Ask HN: Can you control your dreams? - ramadis
I&#x27;ve read about lucid dreams, and several ways to achieve this state. However I wanted to know if any of you guys was able to fully control your dreams, every night.<p>Can you just go to sleep and then choose what you want to dream this night?
======
mod
I spent some time practicing lucid dreaming. I wasn't overly successful, but I
was able to become aware in a double-digit number of dreams.

Usually that resulted in me waking up very shortly after becoming aware.

A handful of times I was able to hang on to the dream for a while and do what
I wanted, more-or-less.

I should spent more time with it, but I haven't done it in a few years now.

------
therealgimli
I experimented with lucid dreaming many years ago and found it to be quite
intriguing. I highly recommend trying it.

It took a few months of practice to be able to do it on demand. For me that
meant keeping a dream journal by my bed and diligently writing in it every
time I woke up.

The trick I used to transfer control of the dream to my conscious mind was to
"touch my nose"; I had to keep reminding myself while conscious to do so.

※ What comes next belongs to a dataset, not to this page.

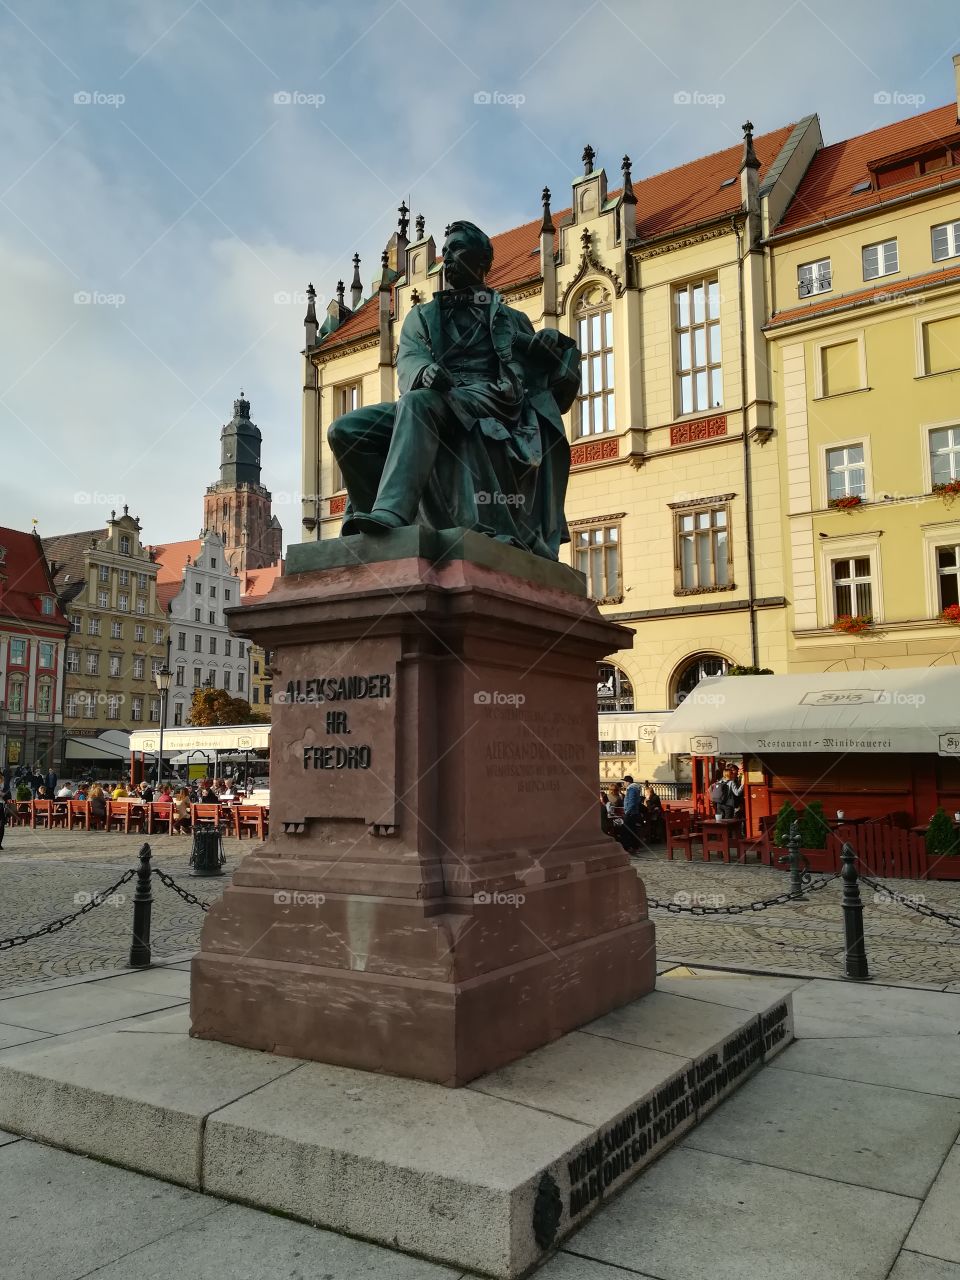 Wrocław Old Town Square - Fredro
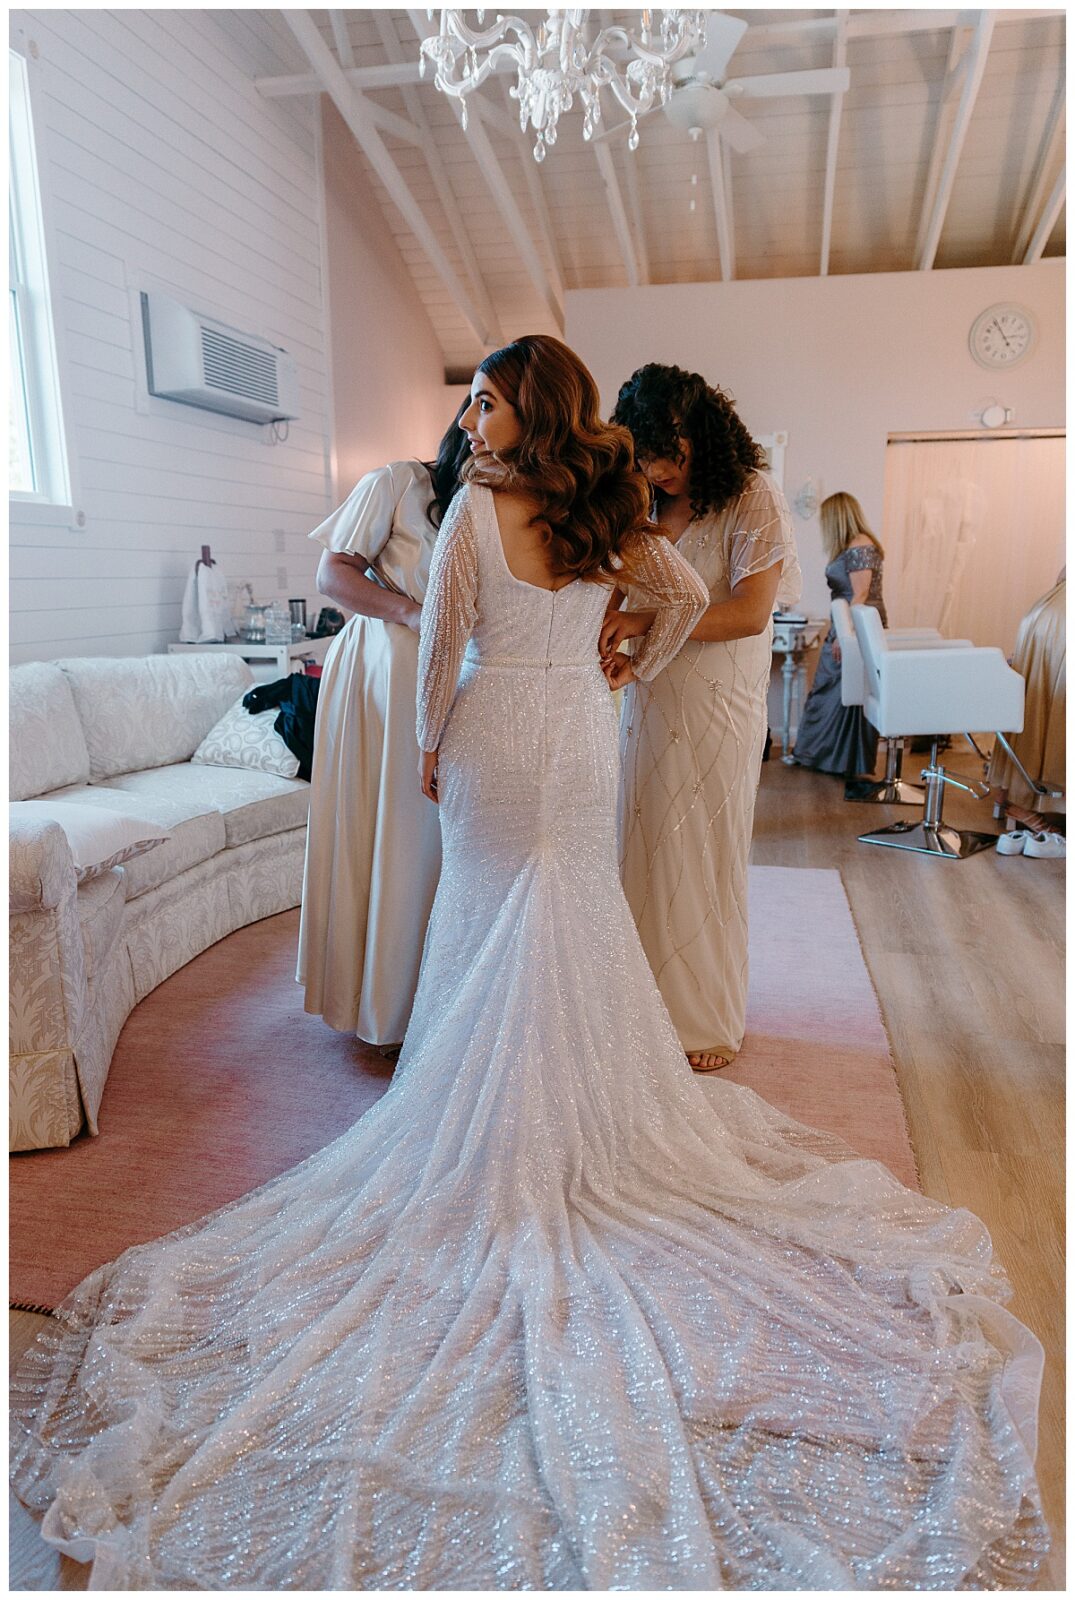 family help bride put on gown by North Carolina wedding photographer

I eventually stopped doing it because oddly enough I started feeling not as
rested as I would have liked after active dreaming.

It was not so much the case that I could choose what I would dream, though I
suppose that might be possible. It was more like I would be in a dream setting
determined by my subconscious mind and then I would take control and do
whatever I wanted-- fly, use magic, take the story in a new direction,
whatever. But it was always clear that I was dreaming.